Дыхание Сары вернулось в норму, хоть сердце билось быстро. Как она могла думать о себе, а не о Магде? Как ей помочь?
– Как я могу ей помочь?
– Быть при ней. Разговаривать. Убедить, что мир не кончается… Могло быть хуже. Она обратилась в последний момент. Ах, девочки, что вы творите… Когда вы обследовались?
– Я-а? – Сара онемела.
– Да, вы-вы.
Когда? Но ведь у нее нет никаких проблем, зачем ходить к врачу?
– Не помню.
– Год назад? Два?
– Да, что-то в этом роде, – соврала Сара.
– Что-то в этом роде, ну что вы делаете, я вас прошу, вы видите свою сестру, – сказала врач. – Не знаю, какие у вас отношения в семье, но факт, что никого с ней рядом не было перед началом операции, это для нее тоже ничего хорошего.
– Она ничего не сказала, – буркнула, пытаясь оправдаться, Сара.
– Да, понимаю, нам нелегко хвалиться, что с нами что-то не так. Она ведь не замужем, правда?

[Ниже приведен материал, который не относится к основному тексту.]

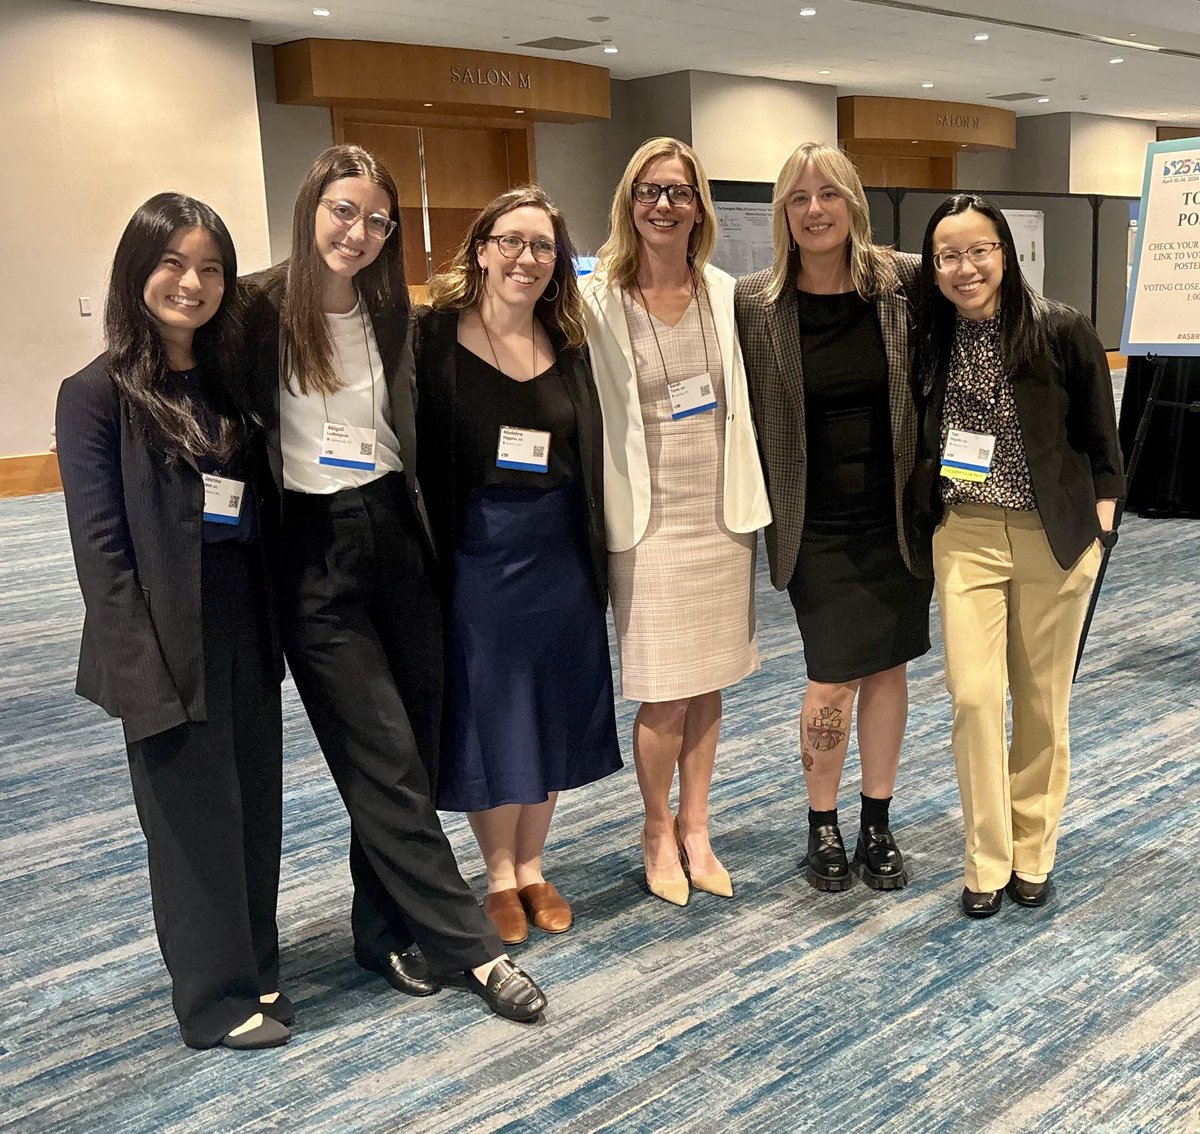 Learned so much at ⁦the ⁦@ASBrS⁩ meeting this year! And excited to share the experience with a phenomenal research team! ⁦@CUDeptSurg⁩ ⁦@CUSurgOnc⁩ ⁦@MadelineHuey⁩ ⁦@THuynhMD⁩

– Нет, – ответила Сара, и ей вдруг вспомнилась спина Петра в дверях два месяца тому назад.
– Жаль, в хорошем браке было бы легче через все это пройти. Но теперь у нее вы. Возвращайтесь к ней, ей необходимы близкие люди рядом.
Сара вышла в коридор и расправила плечи. Как она могла быть такой невнимательной? Она все исправит, она не безнадежная эгоистка. И подумать только, она беспрестанно откровенничала с Магдой по поводу ребенка, а Магда ее покорно выслушивала, как это должно быть страшно, ведь она узнала о раке уже какое-то время назад. Но Магда ее сбила этими дурацкими свиданками, она так дала себя обмануть!

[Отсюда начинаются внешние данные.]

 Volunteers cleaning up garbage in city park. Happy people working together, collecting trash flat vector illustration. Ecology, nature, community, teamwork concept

Какой-нибудь интеллигентной женщине хватило бы одним глазком на все это взглянуть, ясное дело, только не ей, чтобы понять: Магда это делает все из-за отчаяния, а не по зову сердца. Тупая ты, Сара, как валенок, – сказала она себе твердо. Теперь она вернется и будет сидеть при ней, не позволит ей гонять в голове всякие глупые мысли. Ведь жизнь прекрасна вне зависимости от того, что в ней происходит.
Когда она вернулась в палату, Магда спала. Из очередной капельницы медленно сочилась прозрачная жидкость. Она посмотрела на часы, было семь часов. Магда пошевелилась.
– Магдуся, это я, – наклонилась она над больной.
– Ты еще здесь?
– Да, но я должна идти на радио. Я сегодня вечером там одна. Я должна. Приду завтра с самого утра. Принесу тебе что-нибудь хорошего, не переживай. И мы будем с тобой вместе.
– Это хорошо, – прошептала Магда. – Но мне ничего не надо… Я не могу есть…
Сказать ей, что я разговаривала с доктором, или лучше не надо? Сара решила ничего не скрывать.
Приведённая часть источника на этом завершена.